Monday, October 10, 2011

Of This and That

"This goes here like that … and that's that" a doppish British accent on the television announced enigmatically - the concluding line of dialogue which marked the plating of a delicious looking dessert on a midday cooking program. Unsurprisingly, though the sentence was really quite basic it doesn't really sound too odd to English speaker's ears, despite the fact that ... well, the same word is used three times in rapid succession.

So why do we not generally care about the careless oddity above? Any other sentence using the same word three times would in to a native speaker's ears sound clumsy and simple, consider: I went to the shop and went in and went to the vegetables compared with I walked to the shop and went in and found the vegetables, we'd think the person were an infant - or drunk.

Generally, and especially in English as part of a received kind of snobbery from our forebears, we try to avoid repetition as we mature as speakers and gain a stronger command of the language. Yet with some particular terms, we tend simply to let this unspoken rule slide. This and it's associate that are two such examples, and in actuality, the usage of them is a success story which began over a thousand years ago, and is a remarkable example of the vitality and sticking-power of two of our most used words.

'This' and 'that' actually stem from much farther back than our closest linguistic ancestor Old English. As with many other languages today, Old English was a tapestry made up of many fragments borrowed and imported from other sources. Curiously, and also like many modern languages today, Old English assigned 'gender' to words, making them either masculine, feminine or neuter. Thus, both this (m. þés, f. þeos, n. þis) and that (m. se, f. sēo, n. þæt)* had three words each, which you could use depending on the gender of whatever it was you were describing. Thankfully for learners of English today, gender is essentially non-existent - and as anyone who has attempted German, French or perhaps (god forbid!) the devilishly tricky Polish will tell you, this is a good thing. Essentially, because we still hear traces of it when one speaks of their car, or their new speedboat, as in "She's a beauty isn't she" or "He'll go forty knots on a good wind". These are linguistic relics of our past, and are hardwired into us even though we don't generally realise we're using them. Despite this usage however, the gender has no real meaning or impact, we use him and her in these senses more to give the sentence texture.

Regardless, the import of these two words was powerful enough to have them slot comfortably into our top thirty most used words. It's estimated that that is the eighth most used word in our vocabulary, and that this sits at about twentieth, (incidentally, and to save you searching, the three most used words overall in English are currently: the, of, and and. Imaginitive, I know).

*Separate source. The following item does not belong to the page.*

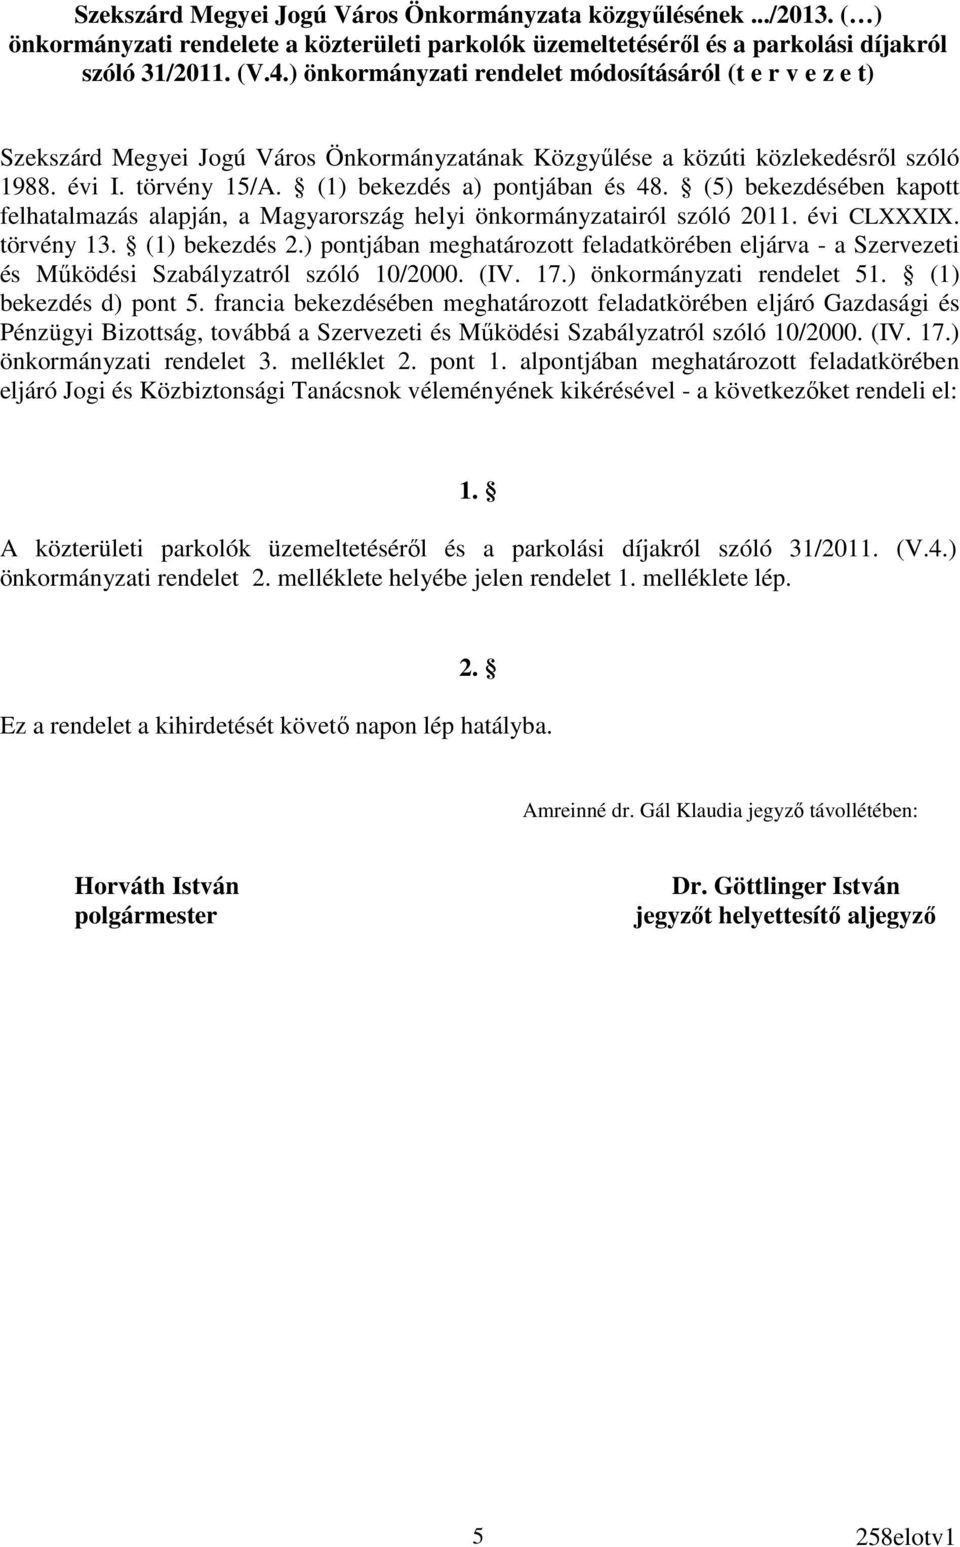 (1) bekezdés a) pontjában és 48. (5) bekezdésében kapott felhatalmazás alapján, a Magyarország helyi önkormányzatairól szóló 2011. évi CLXXXIX. törvény 13. (1) bekezdés 2.

To trace the words back and find where the import occurred one needn't dig too hard. You can see obvious similarities in the modern German dies and das (this and that, pronounced: dees and duss), and also - given the Old English versions - in the Icelandic þetta and það (pronounced roughly: thetta and thath). The Swedish den (also: denna) and det (also: detta) gave up the þ ("th") in favour of a 'd', yet are still closely related to their Icelandic counterparts, and knowing all this, perhaps one might even see the connection in English with the Old Norse þessi and þat, which is in fact where the import of the words to English seem to have originated after the conquests of the Vikings between 700 and 1100AD.

These two words weren't the only two which English absorbed of course, but they are debatably two of the most successful. We use them in a range of situations, as pronouns (is this the right train? or can you show that to him?), adjectives (this one is the best, or I wanted to take that car home), adverbs (it was this big or there was that much to do) and of course for conjunctions (it is said that this is something we enjoy), and as in the last example, we even slot the two words next to each other quite often, especially in spoken language (I was thinking this; that we go there tomorrow).

The English language is rich with history and contains a deep and often untapped reservoir of words. Despite our supposed vocabulary of around 60,000 words, we only really use around 20,000 in everyday situations (see above), and with an active vocabulary that size it's surprising that the same words come up again and again. Yet within English there isn't really a good alternative to 'this' or 'that', we use them repeatedly, without reserve, and they cover such large territory that we couldn't communicate as effectively without them.

That's something that this writer finds rather interesting.


* Note that the masculine and feminine forms of the Old English that: se and sēo are more closely related to Celtic than the word we ended up using today. Presumably, the neuter version þæt was the most used form in the end as genders began to fade out of usage, and thus þæt became our current word for that.